I just paid $48 to have 29er frame sent over with USPS. Pretty good, concidering the alternatives...


----------



## majorbanjo (Dec 11, 2010)

I just picked up a Trek Fuel Ex 5 from my local bike shop......not a lot of Trek love on this board....but test rode it and loved it.....Uncle Sam will be shipping it over for me at no cost....


----------



## grejji (Apr 25, 2010)

Hey all. I'm heading to Belgium to ride at filthy trails this weekend. Its a FR/DH park with no lift. It does have some cool features, though. www.filthytrails.be I have no bike or lid or pads.
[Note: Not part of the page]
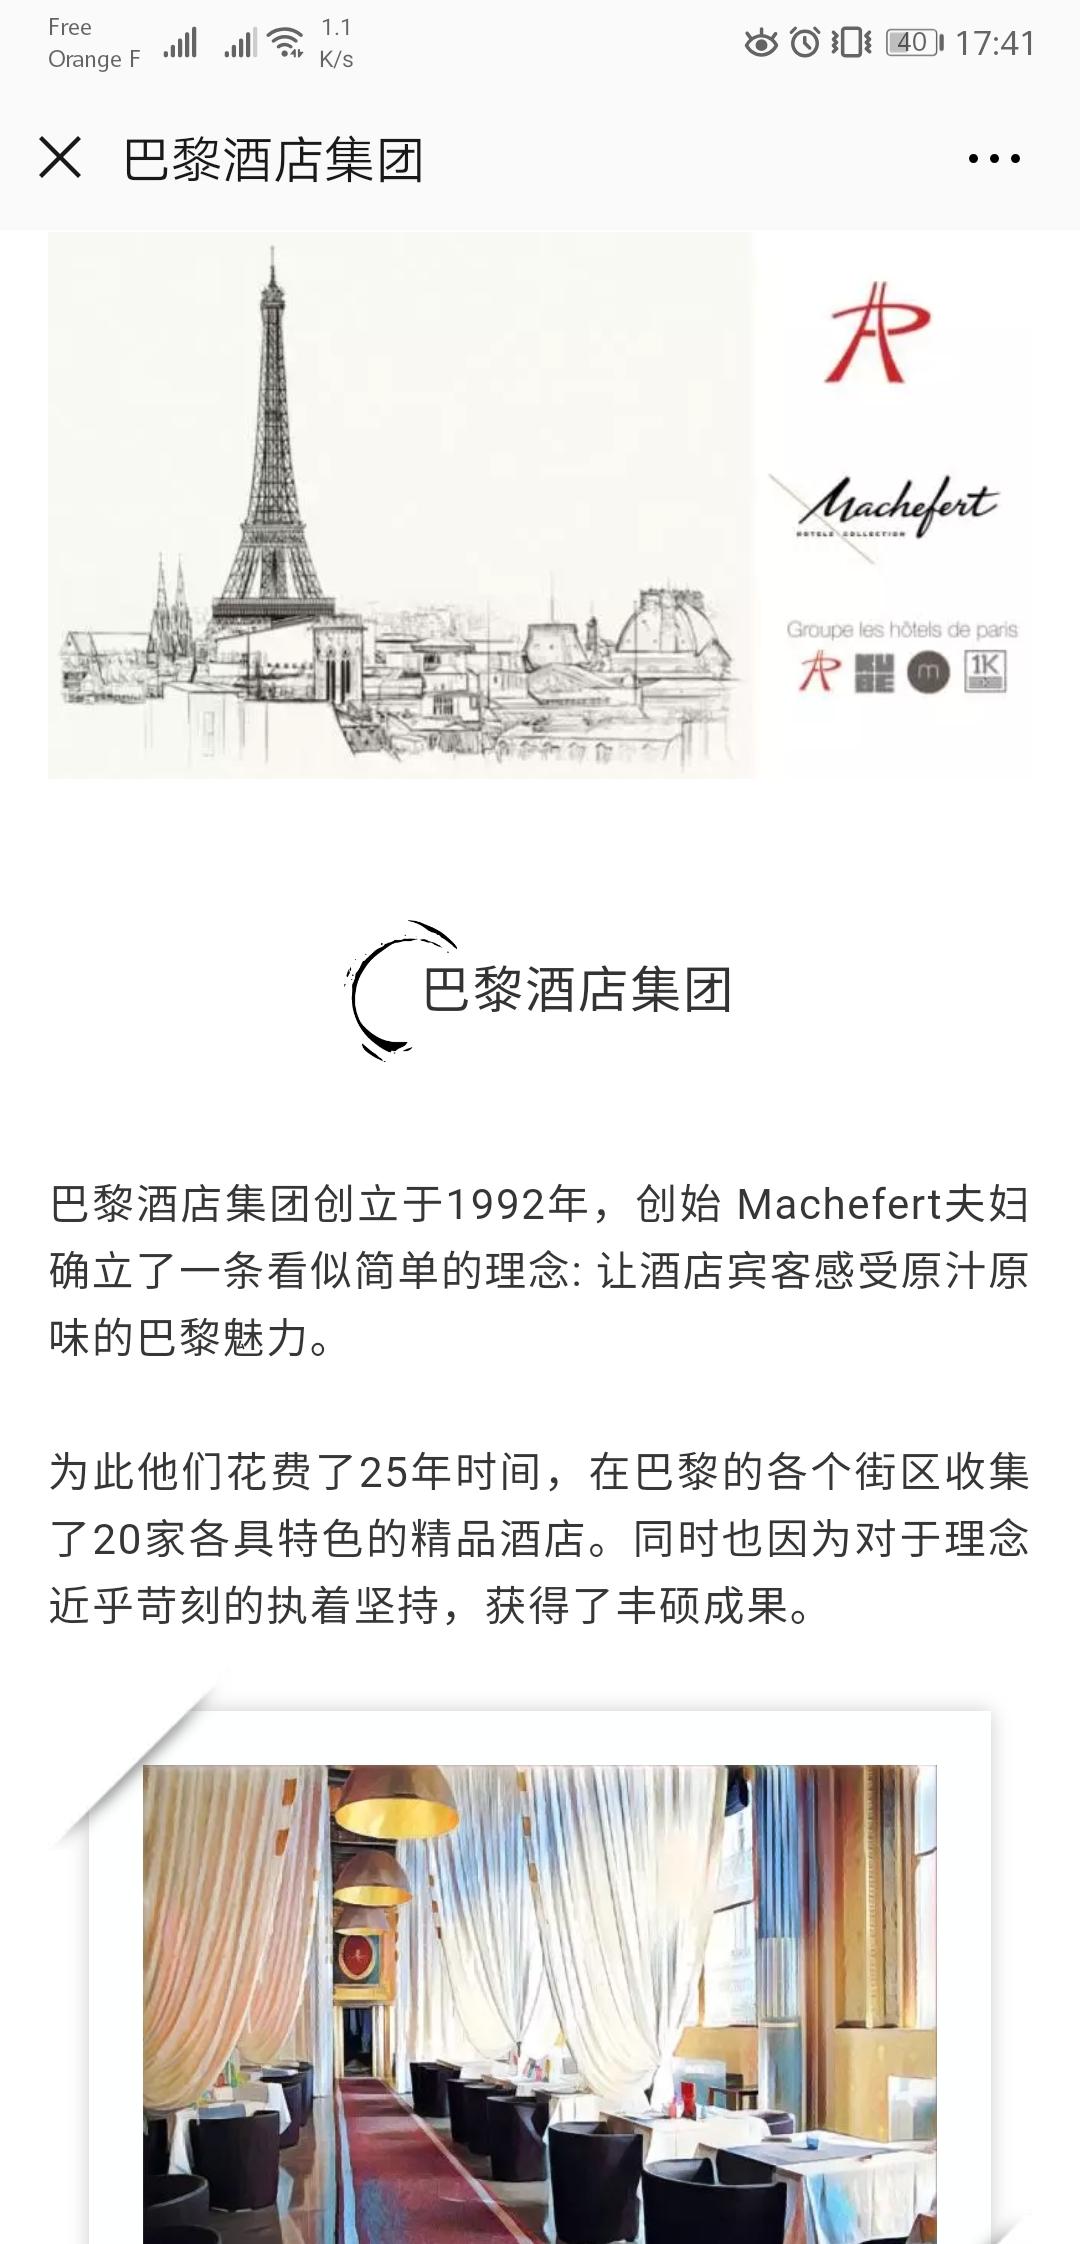 PARIS INN GROUP WeChat account

Just shoes, shorts and gloves right now. I'll rent a bike, a lid and pads when I'm there.

Anyway as of now, I'm flyin' solo for saturday and/or sunday. Just wanted to see if anyone would be interested in coming out! Shoot me a PM of you'd like to meet up!


----------



## KTroopa (Sep 6, 2008)

*Berlin / Potsdam checking in*

My wife & I live in Potsdam and ride both Trail & DH; there are a couple of good local spots here, even if the highest points top out at 115 meters. It is a 2-3 hour train ride to arrive in the Harz mountains to the west, where the Thale downhill run, Hahnenklee bikepark and others lie. We're also going to be riding Winterberg once or twice this summer. If anyone is around our vicinity and is interested in meeting up for a ride, let me know.

Cheers


----------



## jaystekan (Sep 11, 2011)

I know this is an old thread, but I will be heading to Bamberg for the next 3 years. Do you meet nearby for rides?


----------



## ranier (Sep 9, 2003)

jaystekan said:


> I know this is an old thread, but I will be heading to Bamberg for the next 3 years. Do you meet nearby for rides?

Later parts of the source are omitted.